How secure or private is Gmail's new confidential mode?

Martin Brinkmann
May 11, 2018
Email, Gmail

Google launched a redesign of the Gmail web interface last month. The the focus of the update was to bring the interface in line with other Google products.

While the update was cosmetic at its core, Google did introduce several new features to the web interface such as direct access to attachments or a new confidential mode for emails.

Confidential mode sounds like a business-only feature but it is available for home and business users alike on Gmail. But what is it?

Confidential mode on Gmail adds access restrictions to emails that you sent using the mode. Designed to protect sensitive information, it enables you to set time limits and passcodes. The mode blocks certain actions, forwarding, copy and paste, downloading of the email, and printing as well automatically.

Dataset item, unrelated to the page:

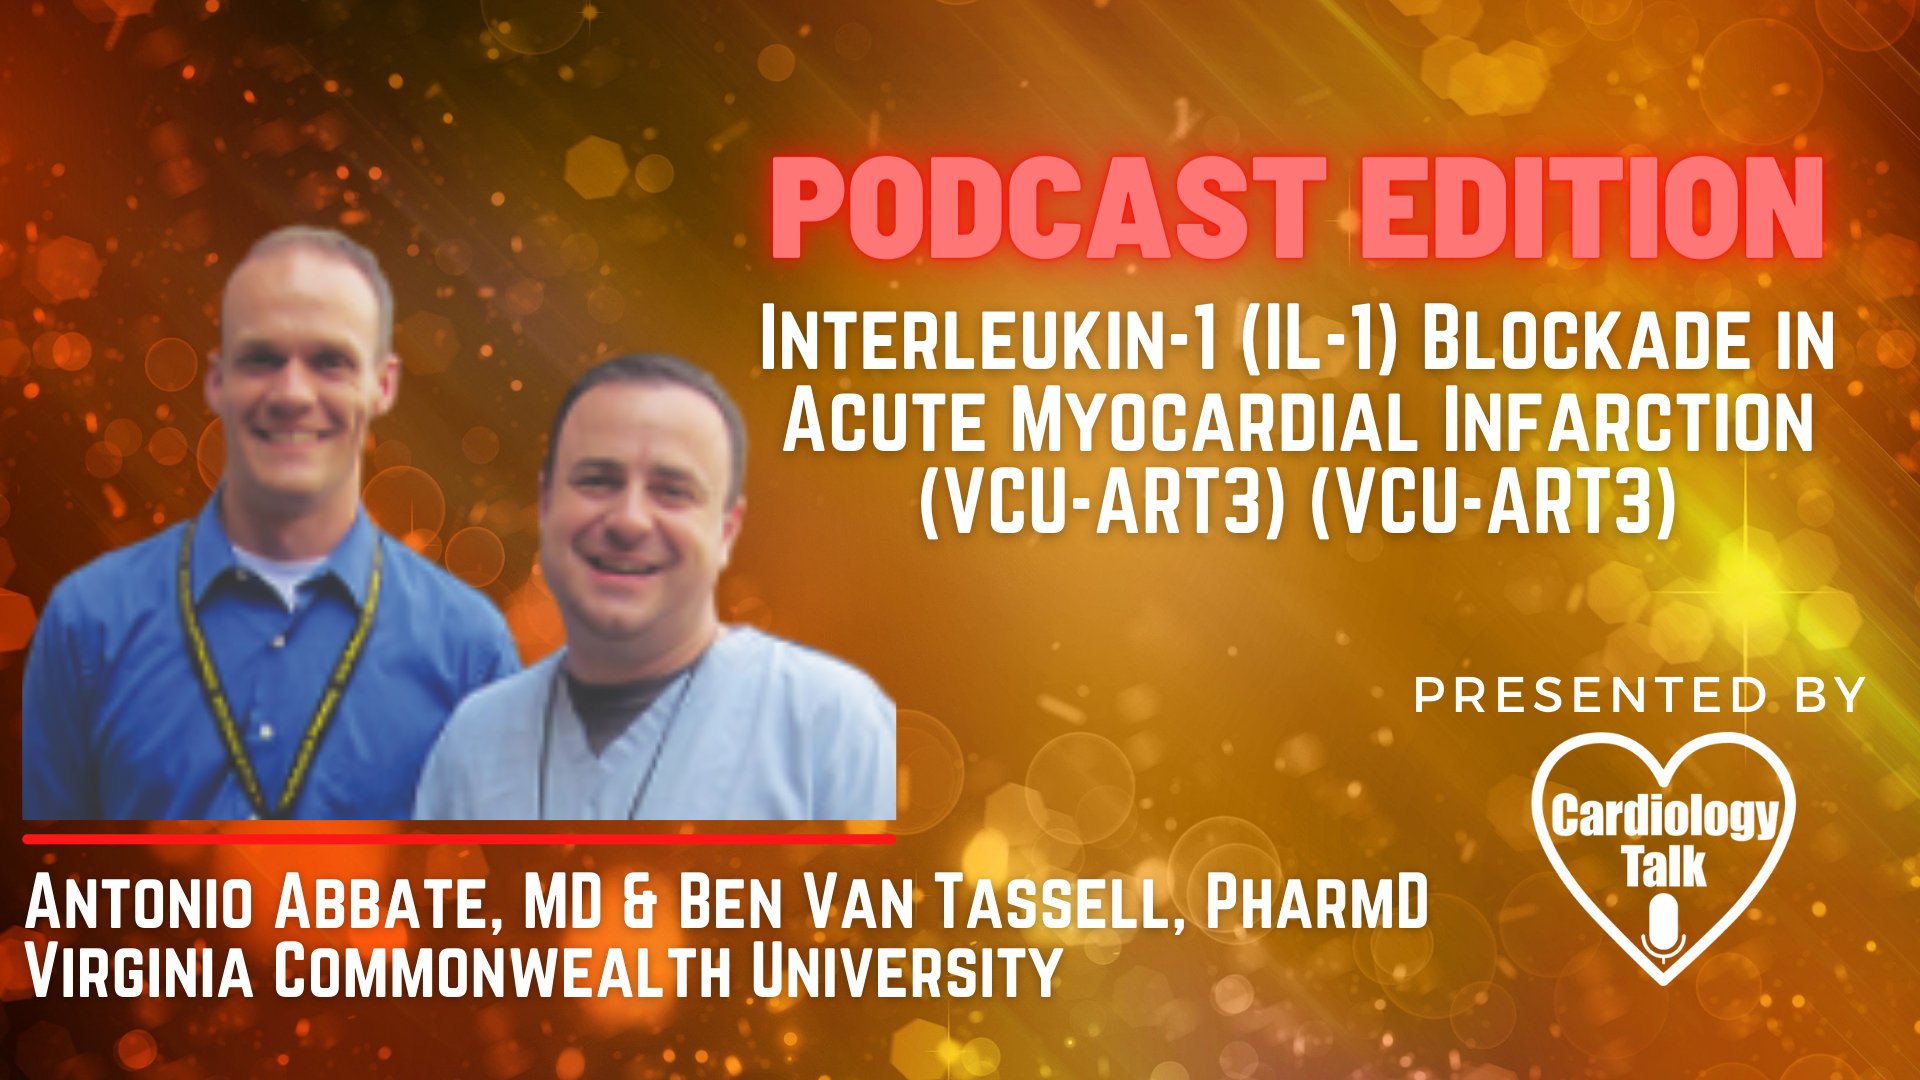 Podcast- Antonio Abbate, MD & Ben Van Tassell, PharmD - Interleukin-1 (IL-1) Blockade in Acute Myocardial Infarction (VCU-ART3) (VCU-ART3)
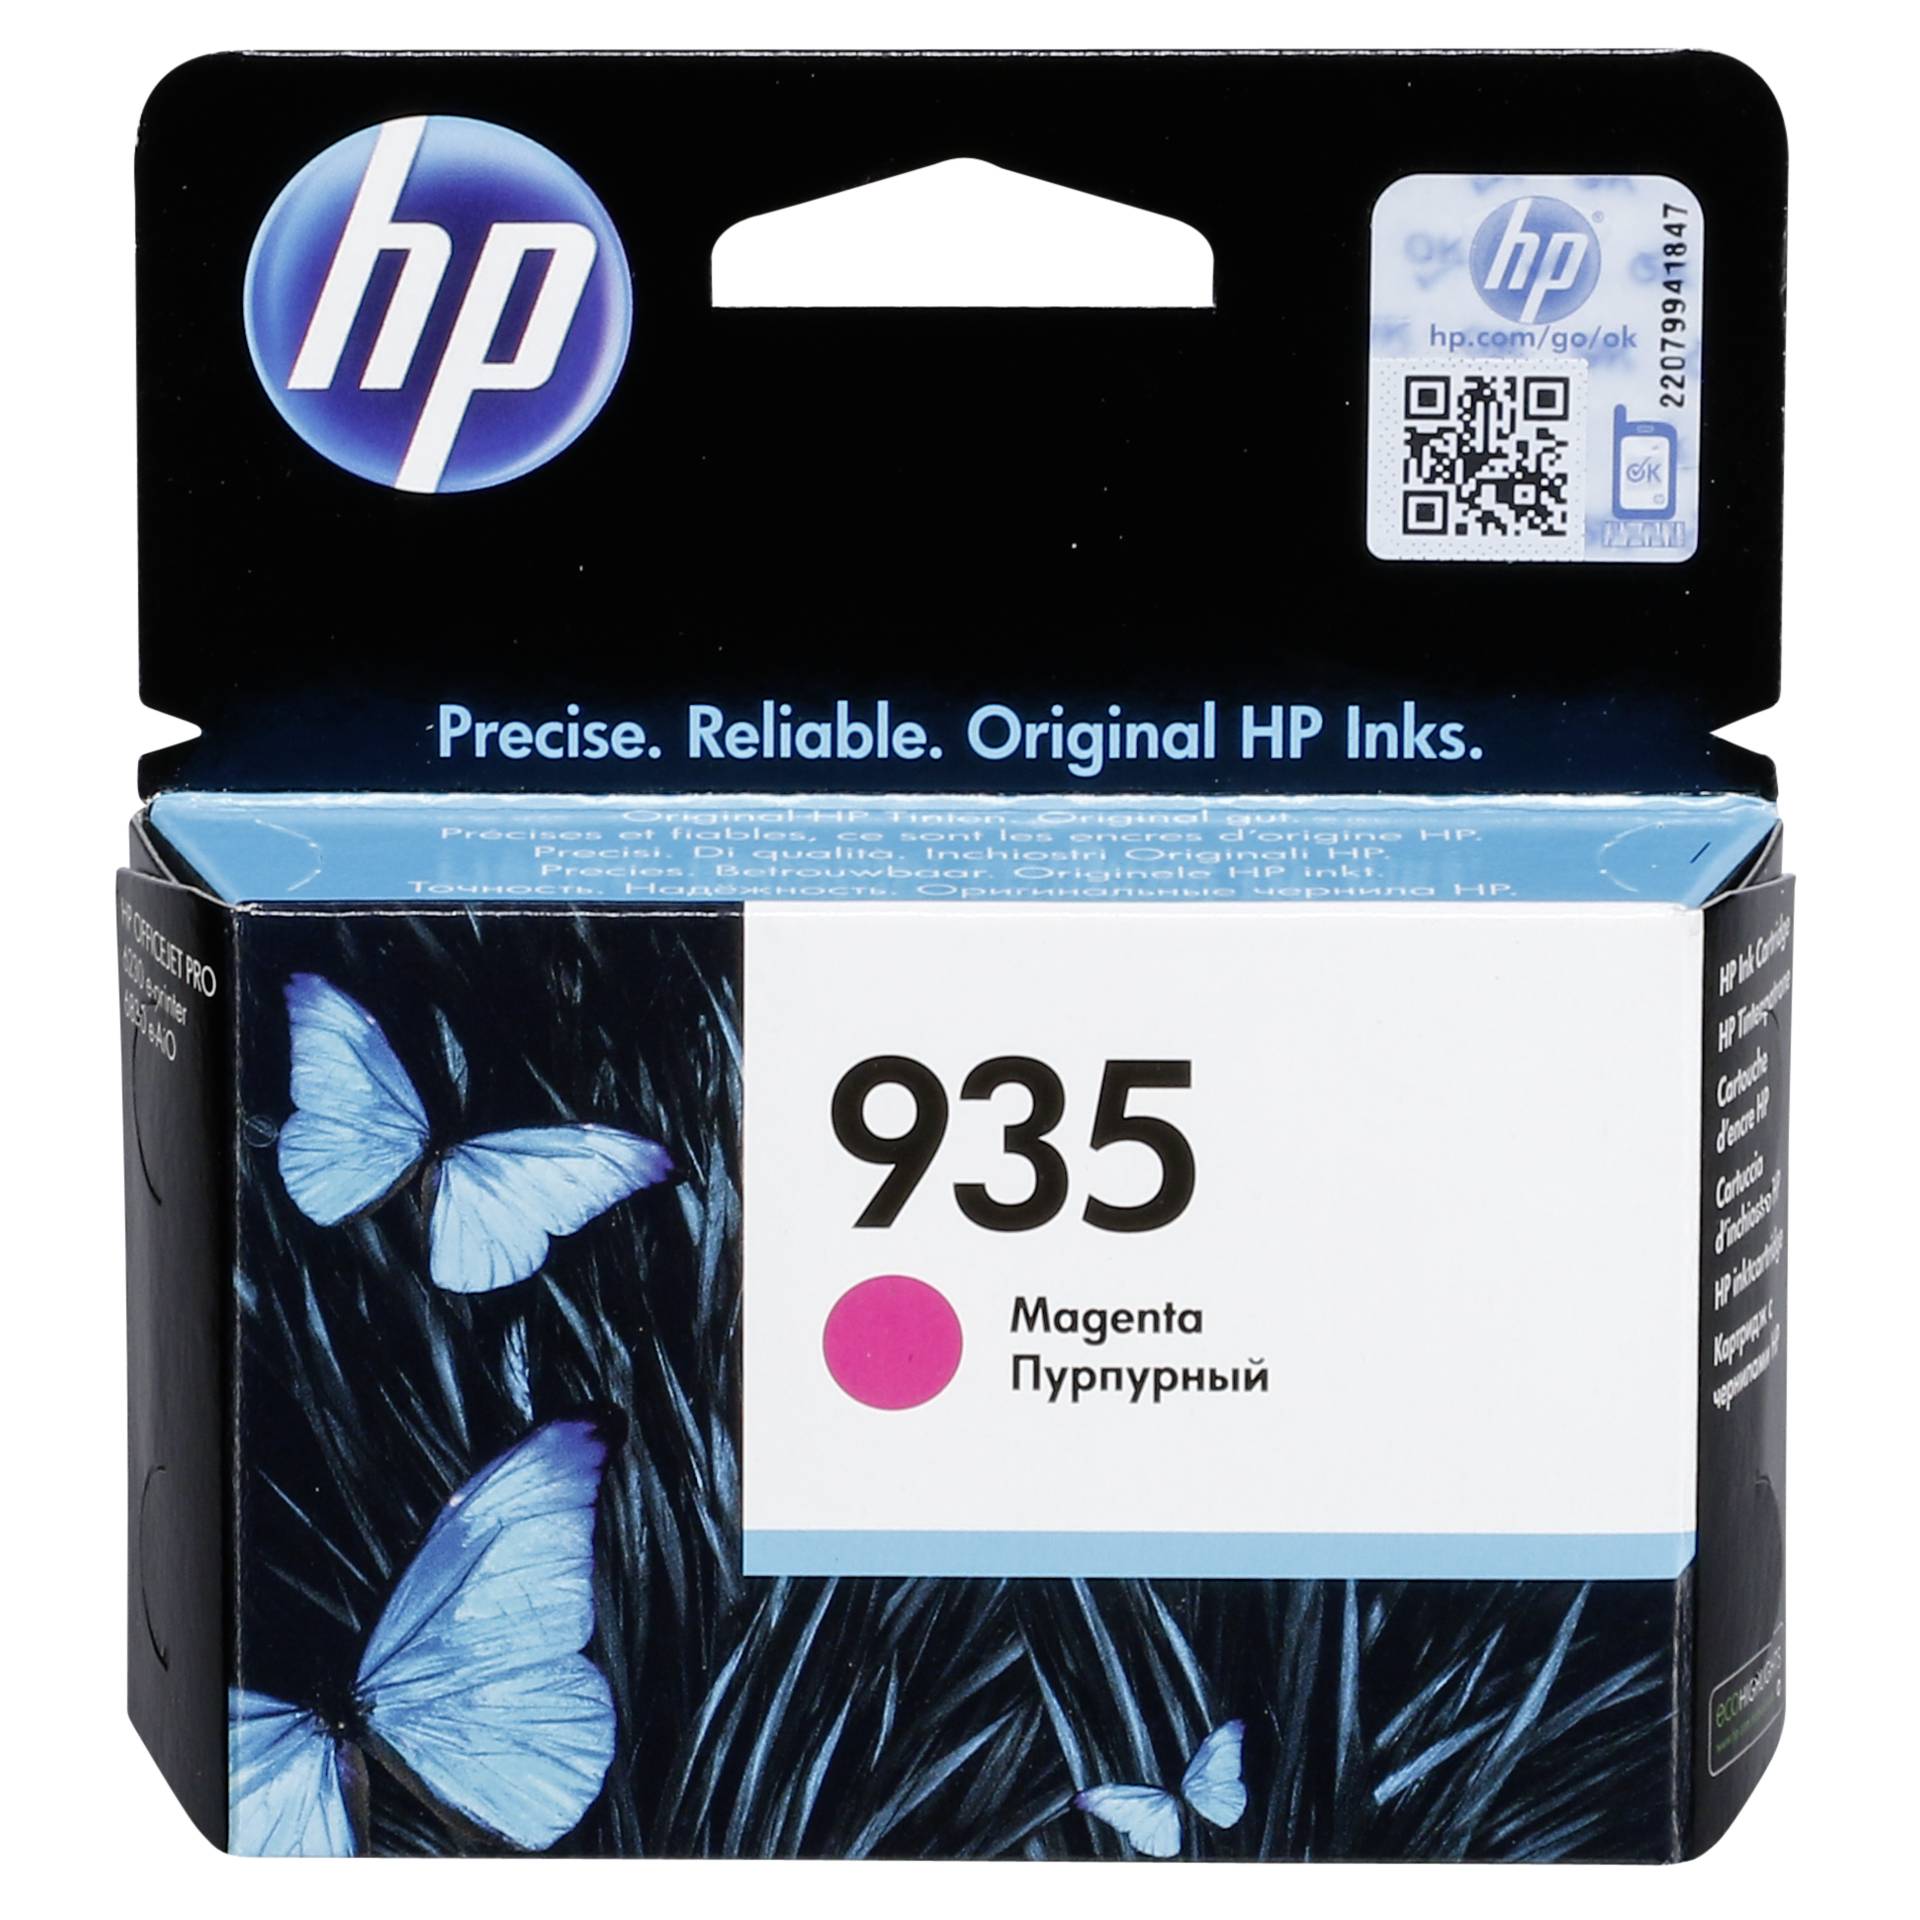 HP Tinte 935 magenta Original 400 Seiten

Using Confidential mode on Gmail

gmail confidential mode

It is simple to make certain emails on Gmail confidential. All you need to do is compose a new email or reply to one, and click on the new "confidential mode" icon in the send button row of the compose interface.

A click on the icon opens the confidential mode configuration overlay which gives you two options:

  1. Set an expiration date for the email. Available options are 1 day, 1 week, 1 month, 3 months and 5 years. The expiration date is displayed next to the selection menu so that you know immediately when the email expires.
  2. Enable the SMS passcode feature. Recipients need a mobile phone for that and Google will sent recipients a passcode text message which they need to unlock the email.

Gmail highlights confidential mode by adding a "content expires" message to the email. You can edit the requirement or click on the x-icon to remove it again before you hit the send button.

gmail passcode email expiration

What happens when you hit send? If you selected the passcode option, you are asked to type the phone number of the recipient. This is mandatory and the only option that you have when you don't want to enter the phone number or don't have it is to go back to the compose window to remove the passcode requirement.

What happens when you type the wrong phone number? Nothing at first, Google accepts any number at this stage.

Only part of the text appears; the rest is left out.